Traditional methods of contact tracing are critical to containing the spread of infection. Technology can support and augment these efforts by allowing public health authorities to quickly notify people who may have been exposed to a person who has contracted COVID-19, including those the person might not know directly. This starts with Exposure Notifications on your smartphone. These will help your public health authority alert you if you’ve been exposed to COVID-19.

Apple in May 2020 introduced an Exposure Notification System, which lets public health authorities and governments worldwide help people figure out if they’ve been exposed to COVID-19, and if so, what steps to take next to minimize the spread of the virus.

How Exposure Notification Works

Almost everyone has a smartphone, which makes them ideal for determining who you’ve come in contact with. Exposure notification has a self-explanatory name, and in a nutshell, the feature is designed to send you a notification if you’ve been in proximity to a person who is diagnosed with COVID-19.

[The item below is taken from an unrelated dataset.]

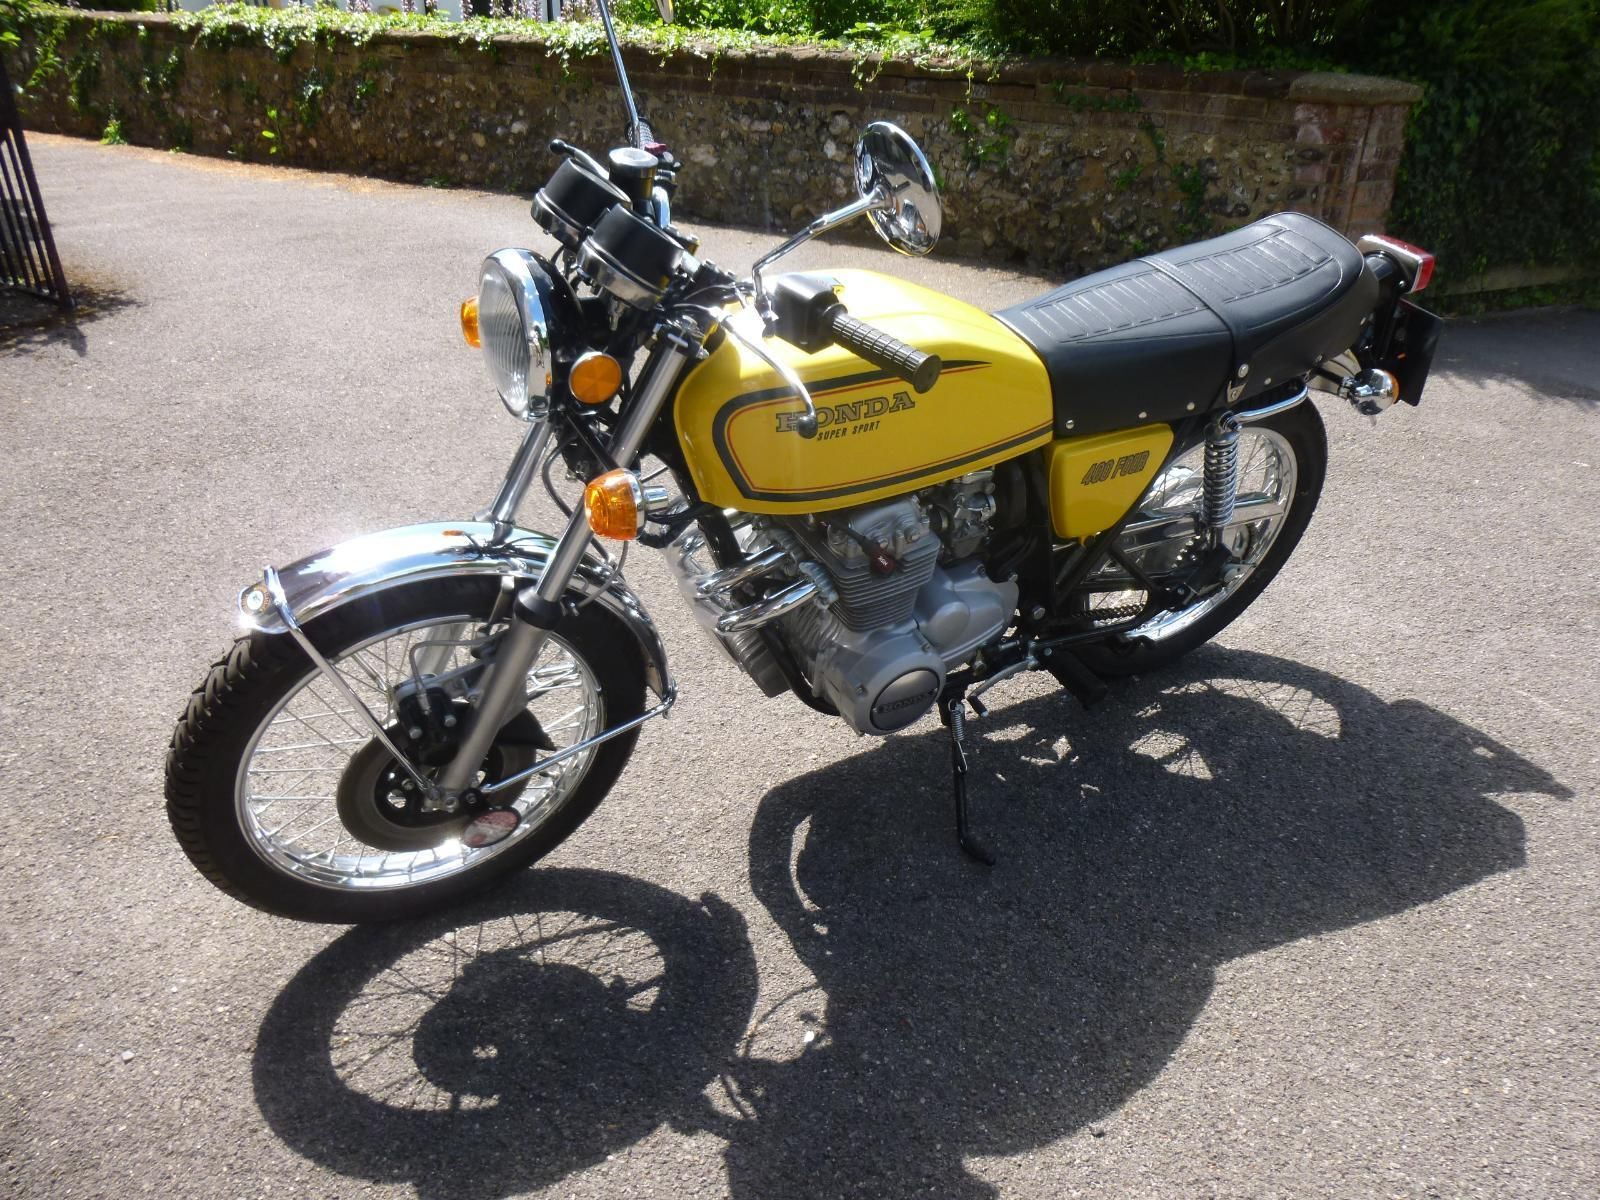 Honda CB400/4 - 1976 - Front Wheel, Front Mudguard, Seat and Handlebars.

Here’s a detailed, step-by-step walkthrough on how it works:

  1. Two people, Ryan and Eric, are both at the same grocery store shopping for food on a Tuesday afternoon. Eric has an ‌iPhone‌ and Ryan has an Android phone, both with a health app that uses the exposure tracking API or the Express Exposure Notification feature.
  2. There’s a long wait, so Eric and Ryan are standing in the checkout line together for approximately 10 minutes. During this time, each of their phones is transmitting entirely anonymous identifier beacons, and picking up the identifier beacons transmitted by the other person. Their phones know they’ve been in contact and store that information on the device itself, transmitting it nowhere else.
  3. A week later, Ryan comes down with COVID-19 symptoms, sees a doctor, and is diagnosed with COVID-19. He opens up his Android phone, verifies his diagnosis using documentation from a healthcare provider, and taps a button that uploads his identifier beacon to a centralized cloud server.
  4. Later that day, Eric’s ‌iPhone‌ downloads a list of all recent beacons from people that have contracted COVID-19. Eric then receives a notification that he was in contact with someone that has COVID-19 because of his interaction with Ryan at the grocery store.
  5. Eric does not know it was Ryan who has COVID-19 because no personally identifiable information was collected, but the system knows Eric was exposed to COVID-19 for 10 minutes on Tuesday, and that he was standing close to the person who exposed him based on the Bluetooth signal strength between their two phones, allowing the app to provide the appropriate information.
  6. Eric follows the steps from his local public health authority on what to do after COVID-19 exposure.
  7. If Eric later comes down with COVID-19, he follows the same steps listed above to alert people he’s been in contact with, allowing everyone to better monitor for potential exposure.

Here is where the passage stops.